There's only a small group of tools that statisticians use to explore the world, answer questions, and solve problems. It is the way that statisticians use probability or knowledge of the normal distribution to help them out in different situations that varies.
Taking known information about a distribution and expressing it as a probability [Hack #1] is an essential trick frequently used by stat-hackers, as is using a tiny bit of sample data to accurately describe all the scores in a larger population [Hack #2]. Knowledge of basic rules for calculating probabilities[Hack #3] is crucial, and you gotta know the logic of significance testing if you want to make statistically-based decisions [Hacks #4 and #8].
Minimizing errors in your guesses [Hack #5] and scores [Hack #6] and interpreting your data [Hack #7] correctly are key strategies that will help you get the most bang for your buck in a variety of situations. And successful stat-hackers have no trouble recognizing what the results of any organized set of observations or experimental manipulation really mean.

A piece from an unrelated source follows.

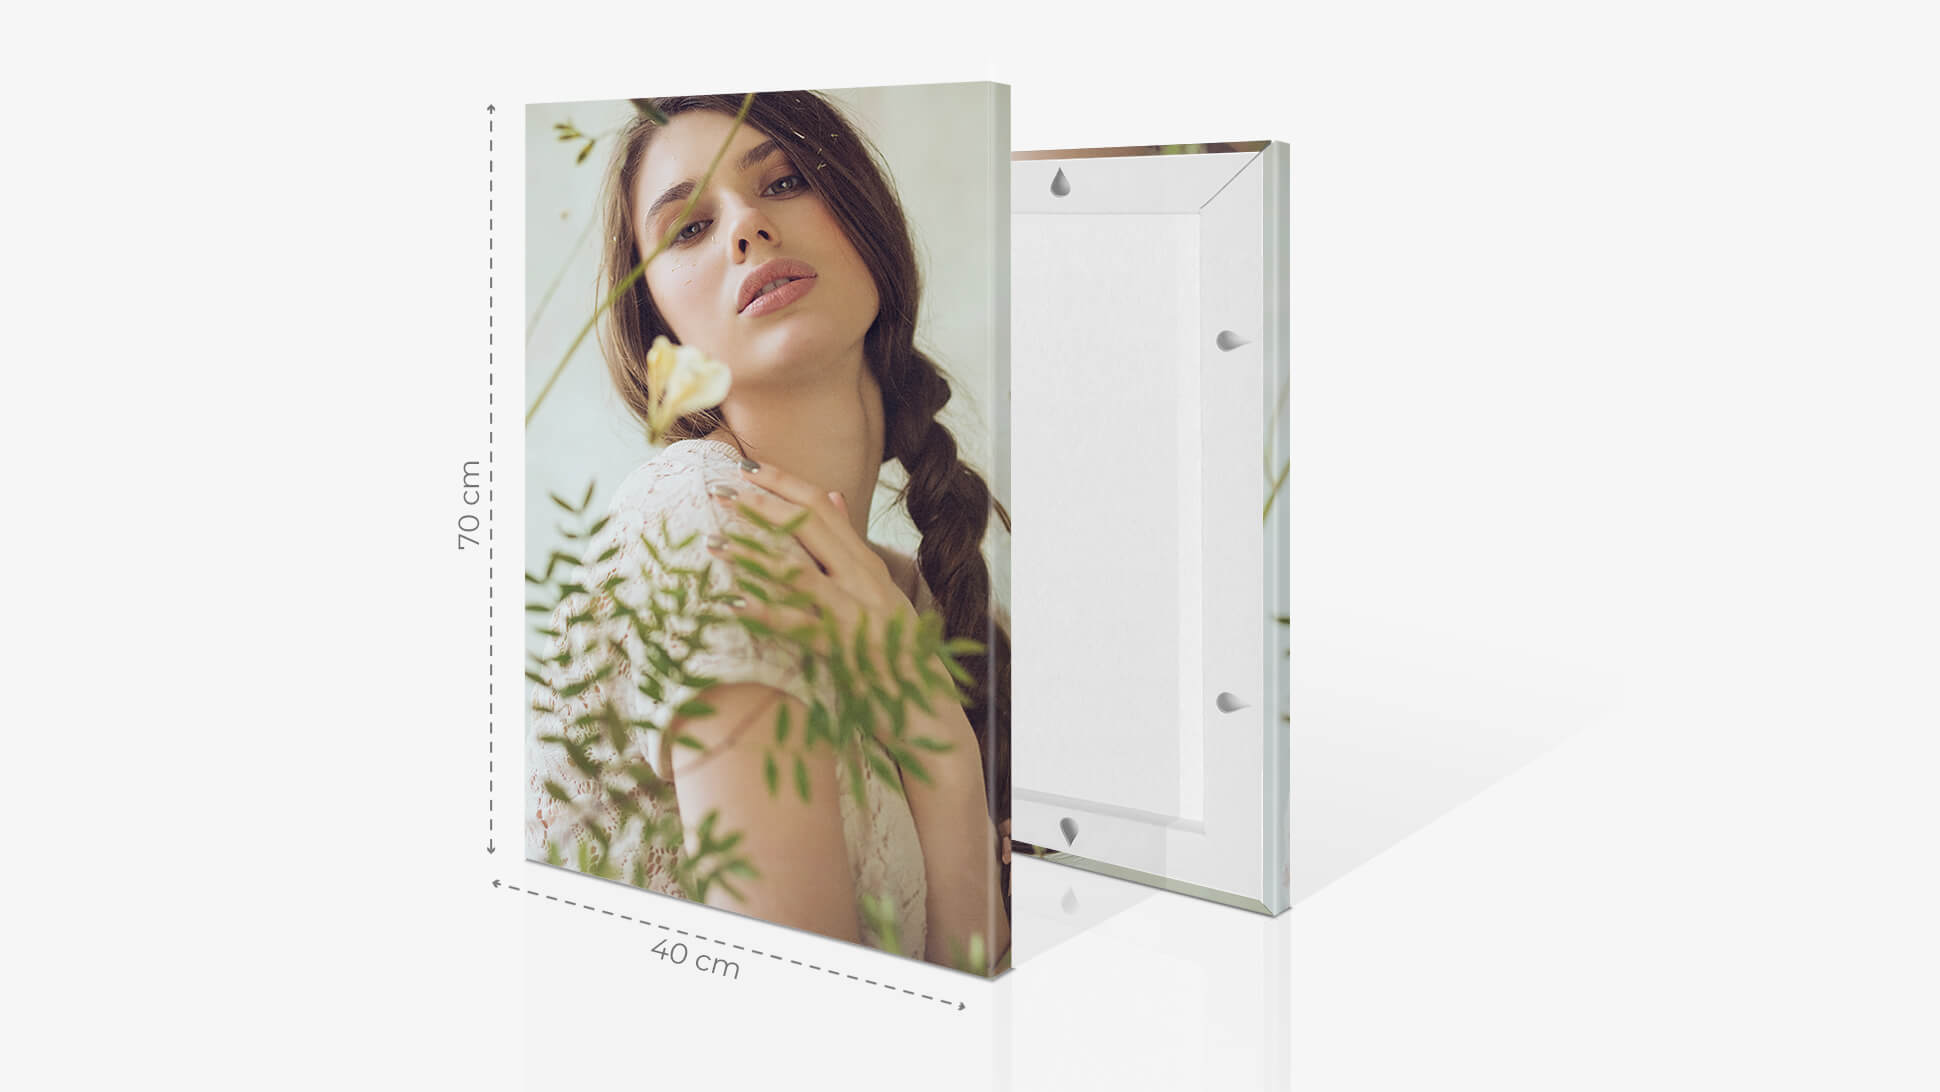 Fotoquadro 40x70cm con grafica | tictac.it
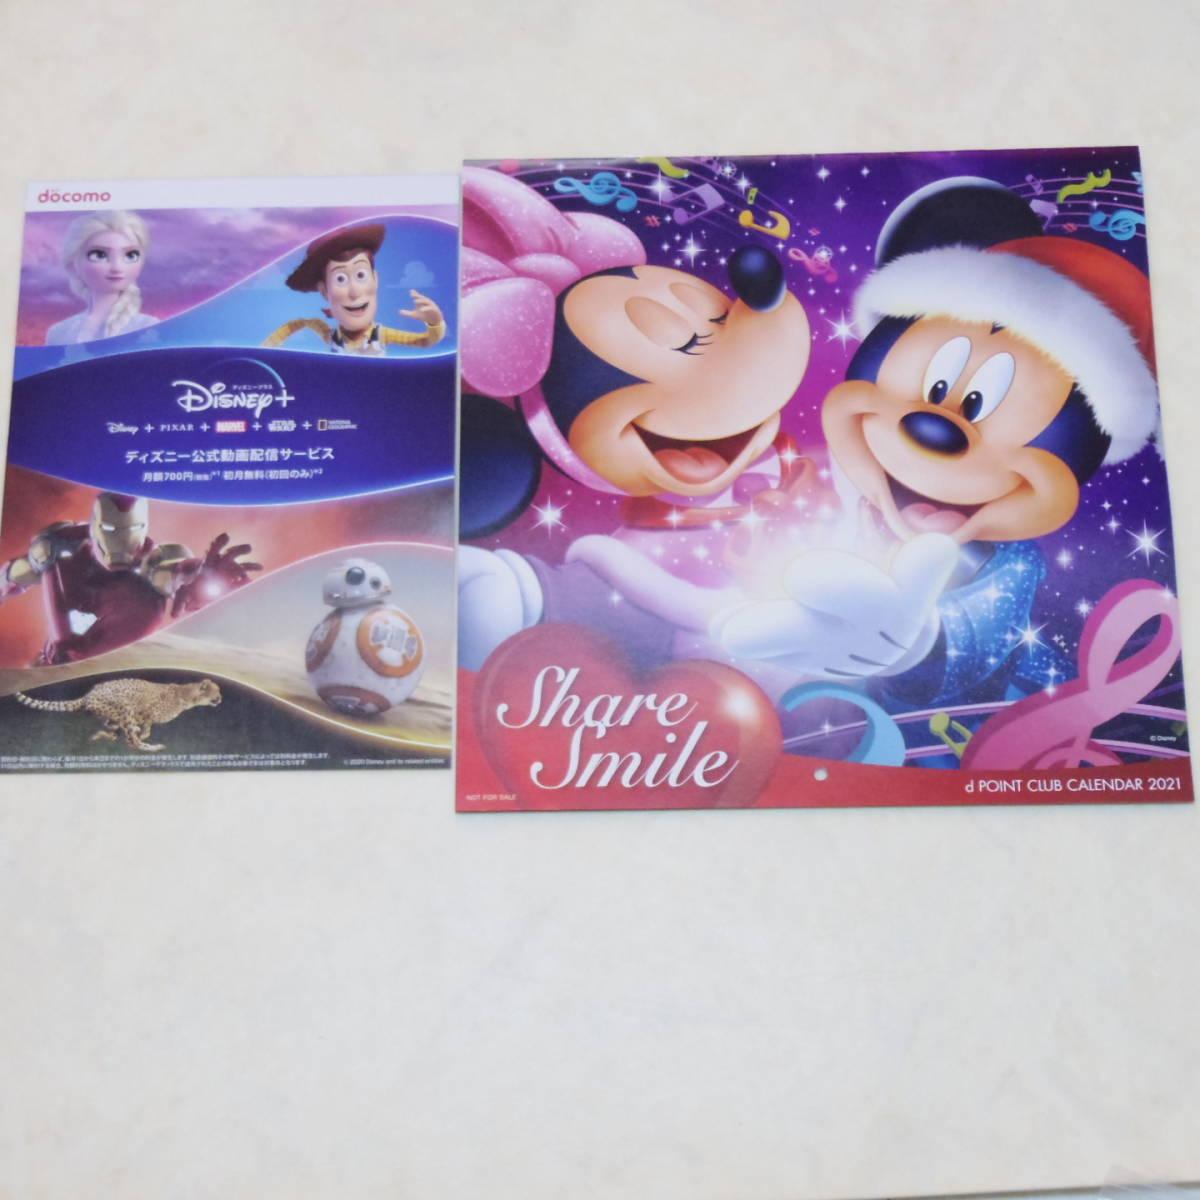 ▲docomo ドコモ d POINT CLUB Calendar 2021 ディズニー カレンダー 非売品 未使用 壁掛け 2021年 ミッキー ミニー ドナルド グッズ_画像3

Most of the procedures that statisticians use to take known information about a distribution of scores and express that information as a statement of probability have certain requirements that must be met for the probability statement to be accurate. One of these assumptions that almost always must be met is that the values in a sample have been randomly drawn from the distribution.
If some force other than random chance is guiding the sampling process, then the associated probabilities reported are simply wrong and—here's the worst part—we can't possibly know how wrong they are.